---- GIVEN RECORDS

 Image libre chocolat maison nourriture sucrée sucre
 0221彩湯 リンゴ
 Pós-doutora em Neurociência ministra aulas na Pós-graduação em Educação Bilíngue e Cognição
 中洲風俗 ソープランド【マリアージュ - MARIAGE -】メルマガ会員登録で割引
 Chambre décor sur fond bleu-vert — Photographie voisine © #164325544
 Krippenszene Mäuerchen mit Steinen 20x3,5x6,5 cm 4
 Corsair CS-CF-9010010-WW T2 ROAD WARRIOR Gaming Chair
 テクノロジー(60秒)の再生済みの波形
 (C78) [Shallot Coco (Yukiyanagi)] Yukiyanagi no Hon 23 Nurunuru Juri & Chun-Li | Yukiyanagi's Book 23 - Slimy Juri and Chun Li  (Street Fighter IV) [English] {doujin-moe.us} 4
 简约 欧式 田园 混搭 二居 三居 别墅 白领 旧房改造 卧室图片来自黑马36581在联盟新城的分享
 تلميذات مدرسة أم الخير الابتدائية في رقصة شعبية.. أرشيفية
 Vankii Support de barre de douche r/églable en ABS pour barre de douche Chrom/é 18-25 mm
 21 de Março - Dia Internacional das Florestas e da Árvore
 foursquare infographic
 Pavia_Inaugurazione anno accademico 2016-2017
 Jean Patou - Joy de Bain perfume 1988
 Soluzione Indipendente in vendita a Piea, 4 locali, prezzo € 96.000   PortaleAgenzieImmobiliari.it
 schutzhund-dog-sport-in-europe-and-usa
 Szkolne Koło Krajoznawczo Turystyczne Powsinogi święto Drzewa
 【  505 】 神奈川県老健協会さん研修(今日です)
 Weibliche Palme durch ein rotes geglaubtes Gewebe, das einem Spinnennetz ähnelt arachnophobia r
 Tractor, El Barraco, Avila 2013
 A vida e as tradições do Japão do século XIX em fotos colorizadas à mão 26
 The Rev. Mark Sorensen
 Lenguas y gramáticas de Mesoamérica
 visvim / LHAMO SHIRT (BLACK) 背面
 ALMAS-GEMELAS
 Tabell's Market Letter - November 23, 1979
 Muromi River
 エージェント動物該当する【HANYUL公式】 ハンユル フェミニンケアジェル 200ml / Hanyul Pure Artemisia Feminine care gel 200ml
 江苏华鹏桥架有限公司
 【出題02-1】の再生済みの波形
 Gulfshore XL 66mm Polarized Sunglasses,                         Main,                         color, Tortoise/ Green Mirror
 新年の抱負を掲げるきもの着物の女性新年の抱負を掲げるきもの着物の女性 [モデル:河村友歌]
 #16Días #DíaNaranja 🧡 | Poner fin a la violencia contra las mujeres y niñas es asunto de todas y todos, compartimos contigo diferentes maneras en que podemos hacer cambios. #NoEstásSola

--------

(HOW TO COMPLETE THIS TASK):
The answer should contain every line of the data, unchanged.

(EXERCISE OUTPUT):
 Image libre chocolat maison nourriture sucrée sucre
 0221彩湯 リンゴ
 Pós-doutora em Neurociência ministra aulas na Pós-graduação em Educação Bilíngue e Cognição
 中洲風俗 ソープランド【マリアージュ - MARIAGE -】メルマガ会員登録で割引
 Chambre décor sur fond bleu-vert — Photographie voisine © #164325544
 Krippenszene Mäuerchen mit Steinen 20x3,5x6,5 cm 4
 Corsair CS-CF-9010010-WW T2 ROAD WARRIOR Gaming Chair
 テクノロジー(60秒)の再生済みの波形
 (C78) [Shallot Coco (Yukiyanagi)] Yukiyanagi no Hon 23 Nurunuru Juri & Chun-Li | Yukiyanagi's Book 23 - Slimy Juri and Chun Li  (Street Fighter IV) [English] {doujin-moe.us} 4
 简约 欧式 田园 混搭 二居 三居 别墅 白领 旧房改造 卧室图片来自黑马36581在联盟新城的分享
 تلميذات مدرسة أم الخير الابتدائية في رقصة شعبية.. أرشيفية
 Vankii Support de barre de douche r/églable en ABS pour barre de douche Chrom/é 18-25 mm
 21 de Março - Dia Internacional das Florestas e da Árvore
 foursquare infographic
 Pavia_Inaugurazione anno accademico 2016-2017
 Jean Patou - Joy de Bain perfume 1988
 Soluzione Indipendente in vendita a Piea, 4 locali, prezzo € 96.000   PortaleAgenzieImmobiliari.it
 schutzhund-dog-sport-in-europe-and-usa
 Szkolne Koło Krajoznawczo Turystyczne Powsinogi święto Drzewa
 【  505 】 神奈川県老健協会さん研修(今日です)
 Weibliche Palme durch ein rotes geglaubtes Gewebe, das einem Spinnennetz ähnelt arachnophobia r
 Tractor, El Barraco, Avila 2013
 A vida e as tradições do Japão do século XIX em fotos colorizadas à mão 26
 The Rev. Mark Sorensen
 Lenguas y gramáticas de Mesoamérica
 visvim / LHAMO SHIRT (BLACK) 背面
 ALMAS-GEMELAS
 Tabell's Market Letter - November 23, 1979
 Muromi River
 エージェント動物該当する【HANYUL公式】 ハンユル フェミニンケアジェル 200ml / Hanyul Pure Artemisia Feminine care gel 200ml
 江苏华鹏桥架有限公司
 【出題02-1】の再生済みの波形
 Gulfshore XL 66mm Polarized Sunglasses,                         Main,                         color, Tortoise/ Green Mirror
 新年の抱負を掲げるきもの着物の女性新年の抱負を掲げるきもの着物の女性 [モデル:河村友歌]
 #16Días #DíaNaranja 🧡 | Poner fin a la violencia contra las mujeres y niñas es asunto de todas y todos, compartimos contigo diferentes maneras en que podemos hacer cambios. #NoEstásSola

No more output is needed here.